Research Article | Open Access

Volume 2021 | Article ID 8427437 | https://doi.org/10.1155/2021/8427437

Adaptive Fuzzy Cooperative Control for Nonlinear Multiagent Systems with Unknown Control Coefficient and Actuator Fault

Xin Deng,¹Xiaoping Liu,²Yang Cui,¹and Cungen Liu³

Academic Editor: Toshikazu Kuniya

Received30 May 2020

Revised23 Jan 2021

Accepted06 Feb 2021

Published17 Feb 2021

Abstract

In this paper, an adaptive fuzzy containment condtrol is considered for nonlinear multiagent systems, in which it contains the unknown control coefficient and actuator fault. The uncertain nonlinear function has been approximated by fuzzy logic system (FLS). The unknown control coefficient and the remaining control rate of actuator fault can be solved by introducing a Nussbaum function. In order to avoid the repeated differentiations of the virtual controllers, first-order filters are added to the traditional backstepping control method. By designing the maximum norm of ideal adaptive parameters, only one adaptive parameter needs to be adjusted online for each agent itself. An adaptive fuzzy containment controller is constructed through the backstepping control technique and compensating signals. It is demonstrated that all the signals in nonlinear multiagent systems are bounded by designing adaptive fuzzy containment controller, and all followers can converge to the convex hull built by the leaders. The simulation studies can further confirm the effectiveness of the proposed control method in this paper.

1. Introduction

With the development of science and technology, more and more complex systems can be described as multiagent systems (MASs), for instance, unmanned aerial vehicle formation, sensor networks, and disaster emergency response (see [1–3]). Therefore, the cooperative control problem of MASs has been extensively concerned by scholars and gradually become one of the hot issues in the control field. According to different control objectives, the cooperative control of MASs is classified as flocking control [4], consensus control [5, 6], formation control [7], synchronous control [8], containment control [9, 10], and so on. Because of its wide applications, containment control is a fundamental and important research subject of MASs control, such as [11, 12]. For containment control, its purpose is to design a controller so that all follower agents can converge to the convex hull built by the leaders [9–18]. For example, the path-guided containment maneuvering approach was proposed for networked two-wheeled mobile robots with multiple virtual leaders moving along multiple parameterized paths in [11]. An output feedback distributed containment control method was investigated for marine vessels guided by multiple parameterized paths with unmeasured velocity in [12].

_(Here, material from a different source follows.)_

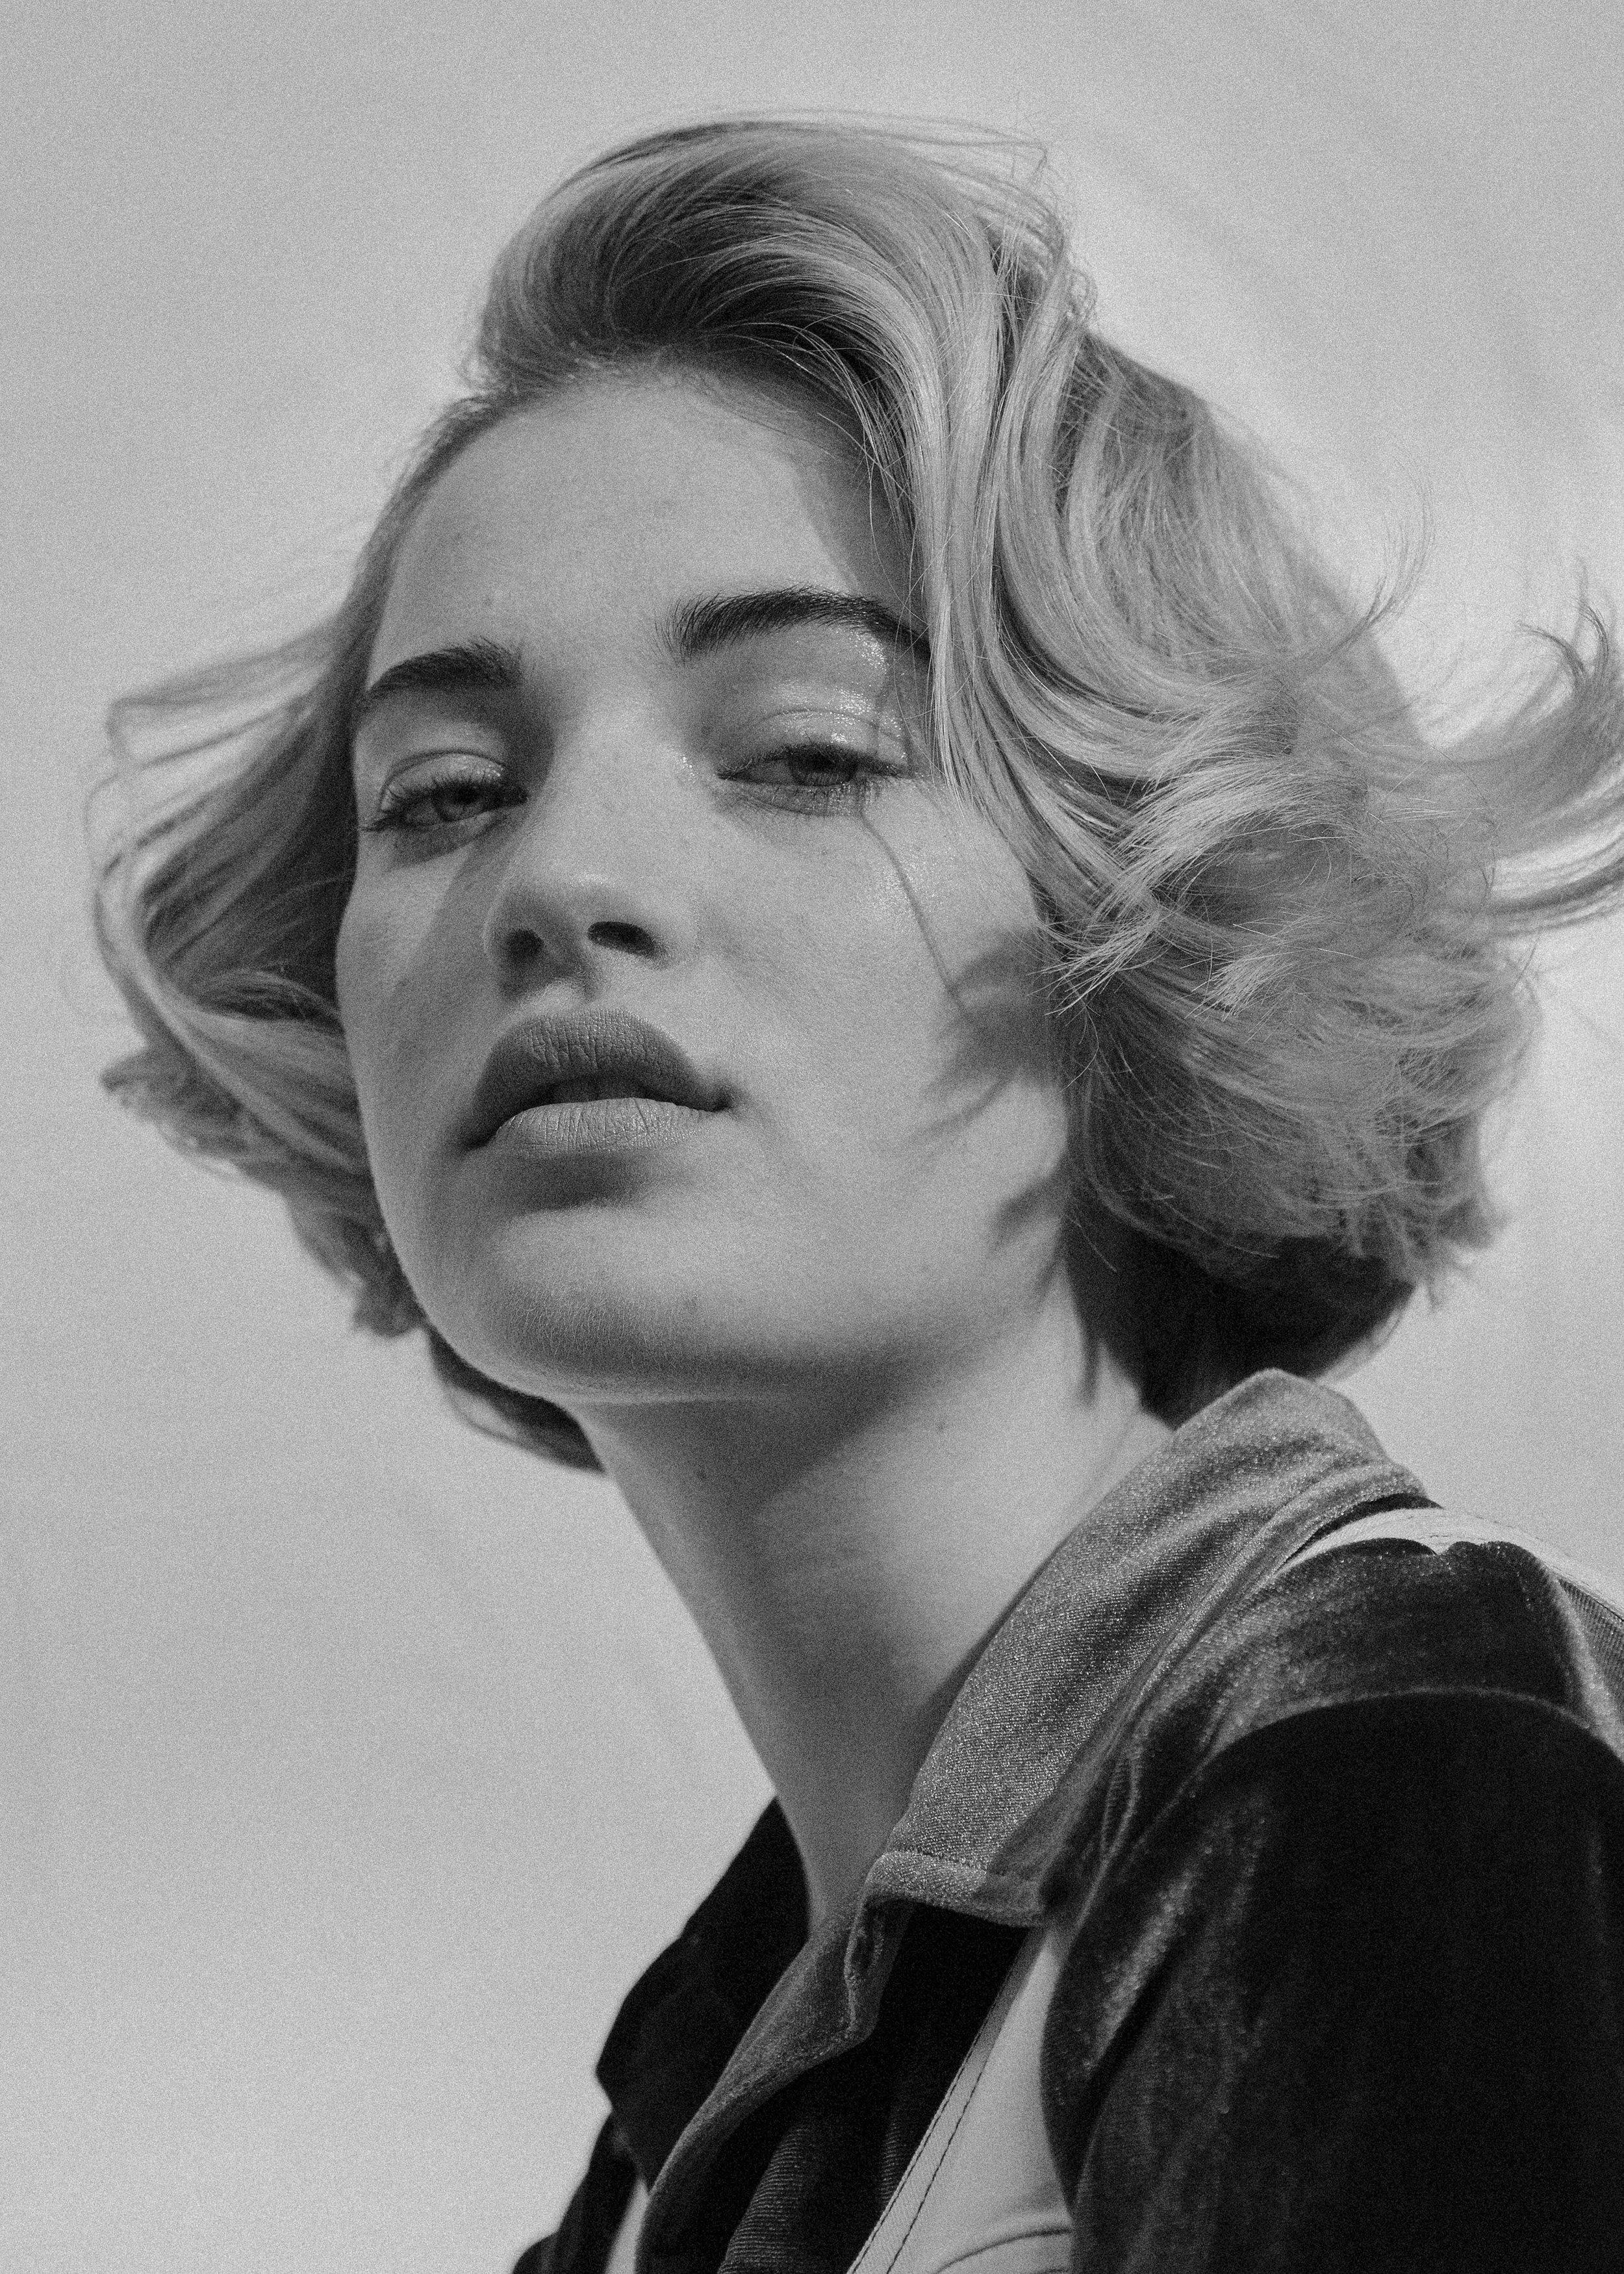 Nadia Ryder

In literature [13–15], all containment control methods were investigated for linear MASs. But, for the containment problem of nonlinear MASs, the control methods in [13–15] were not feasible. In fact, nonlinear systems can better describe a practical engineering problem than linear systems, such as manipulator systems [19], inverted pendulum systems [20], and rigid robotic systems [21]. All systems models in [16–18] and practical application systems models in [19–26] are first- or second-order systems. For example, under the common assumption that each agent can only obtain the relative information of its neighbours intermittently, the containment control method was proposed for a class of second-order MASs with inherent nonlinear dynamics in [17]. However, many actual industrial systems models are often high-order systems. For instance, a jerk system and single-link flexible manipulators [23] were modeled as third-order and fourth-order nonlinear systems, respectively. So, it is of theoretical and practical value to study the containment control of high-order systems. Some containment control approaches were studied for high-order nonlinear MASs in [24–26]. Compared with low-order MASs, the containment control method for high-order nonlinear MASs is more difficult due to the complexity of high-order systems. In [25], for nonlinear nonaffine pure-feedback MASs, a distributed containment control was proposed based on directed graph topology. For strict-feedback nonlinear systems, the backstepping control technique is an effective approach to solve the cooperative control problem, such as [21, 27–29]. In [21], the finite-time containment control problem was considered for nonlinear MASs with unmeasurable states and input delay. Adaptive neural networks (NNs) backstepping control was studied for uncertain strict-feedback nonlinear systems with input delay in [29].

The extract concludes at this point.